Но разобраться с причиной этого ощущения мне не дали: за спиной раздалось смущенное сопение:
— Ой, на кого я похожа…
А потом — мольба:
— Только не поворачивайся пока, ладно?!
… С постоялого двора мы вышли часа через полтора. Первые минуты две ее милость, умытая, причесанная и пахнущая мыльным корнем, держалась рядом и с интересом смотрела по сторонам.
Увы, буквально через пару минут этот интерес куда-то пропал, а на смену ему пришло глухое раздражение: чуть ли не каждый встречный, увидев ее рядом со мной, таращил взгляд и осенял себя животворящим кругом; каждый второй шептал вслед что-нибудь грязное или выписывал в воздухе отвращающий знак, а каждый третий — проклинал.
Как ни странно, больше всего неистовствовали женщины: именно с их уст срывались самые гнусные «догадки» и оскорбления, именно они желали ей смерти без Посмертия, «Беседы с Господом» и бесплодия.
Леди Мэйнария довольно долго делала вид, что не видит их ненавидящих взглядов и не слышит того, что ей желают. Но когда какая-то патлатая тварь, выглянувшая из-за покосившегося плетня, обозвала ее «грязной подстилкой Двуликого» и «лепестком увядшей розы», баронесса нежно взяла меня за руку, заставила остановиться и капризно поинтересовалась:
— Милый, помнишь, ты обещал мне пару душ? Я хочу вот эту и… вот ту…
Тоненький пальчик с розовым ноготком показал за забор и куда-то назад.
Патлатую сдуло. А вместе с ней куда-то рассосалась и собиравшаяся за нами толпа…
— Твари… — ослепительно улыбнувшись, еле слышно прошептала леди Мэйнария. Потом гордо вскинула подбородок и потянула меня вперед: — Пусть теперь потрясутся…
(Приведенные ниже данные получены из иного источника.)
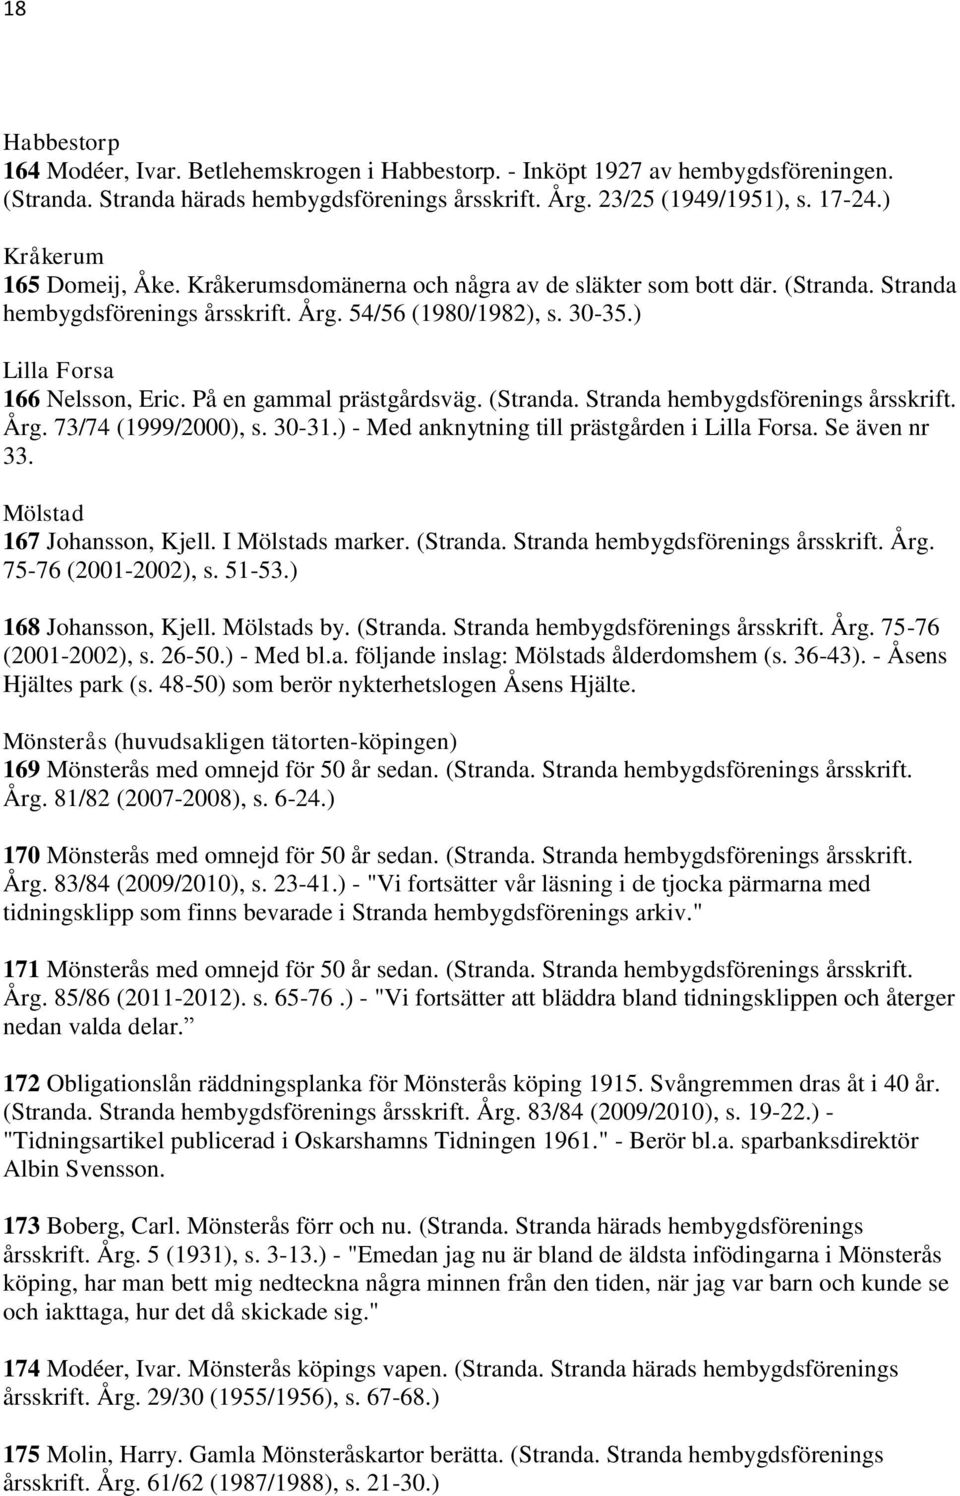 På en gammal prästgårdsväg. (Stranda. Stranda hembygdsförenings årsskrift. Årg. 73/74 (1999/2000), s. 30-31.) - Med anknytning till prästgården i Lilla Forsa. Se även nr 33.

Я мысленно хмыкнул: девушка, еще недавно боявшаяся меня до обморока, догадалась воспользоваться дурной славой Бездушных!
…Следующие несколько минут мы наслаждались относительной тишиной, а когда выбрались в Купеческую слободу, услышали зычный голос глашатая:
— Оставьте дела ваши, о, жители благословенного Увераша, и взгляните на создание, отринувшее все человеческое! Этот хнычущий обрубок некогда был человеком! Таким, как вы и я. Но пошел на поводу у своих низменных желаний и почувствовал себя выше закона. Однако воздаяние за совершенные преступления не минуло сластолюбца — он попал в руки королевской стражи и в полной мере получил заслуженное наказание…
Я удивленно приподнял бровь: обычно, рассказывая о преступлениях тех, кого везли на «насесте», глашатаи вовсю цитировали Изумрудную Скрижаль, через слово поминали Вседержителя и пророка Аллаяра и пугали обывателей происками Двуликого. А этот глашатай не сказал о них ни слова!
— …целых полторы десятины эта похотливая тварь и днем, и ночью терзала несчастную девчушку и упивалась ее страданиями! И оставила ее в покое только тогда, когда та не вынесла его издевательств и испустила дух…
«Бред какой-то…» — подумал я.
В это время из-за угла двухэтажной лавки показались понурые алатские тяжеловозы, медленно переставляющие ноги, облучок с возницей, по традиции облаченным в кроваво-красный плащ с капюшоном, и сама телега с высоченной клеткой, в которой за цепи, опоясывающие торс, был подвешен брат во Свете!
— Спаси и сохрани… — ошарашенно прошептала леди Мэйнария. Видимо, увидев обожженные культи рук и ног, торчащие из рваной синей сутаны…
— …совершенные им преступления переполнили меру терпения его величества Неддара Латирдана, и он высочайше повелел дать брату Гуммию в полной мере испытать боль, равноценную той, которую ощутила его жертва…
— Этому мало и Декады Воздаяния… — мстительно прошипела выглянувшая из-за приоткрытой калитки старуха. — Будь моя воля…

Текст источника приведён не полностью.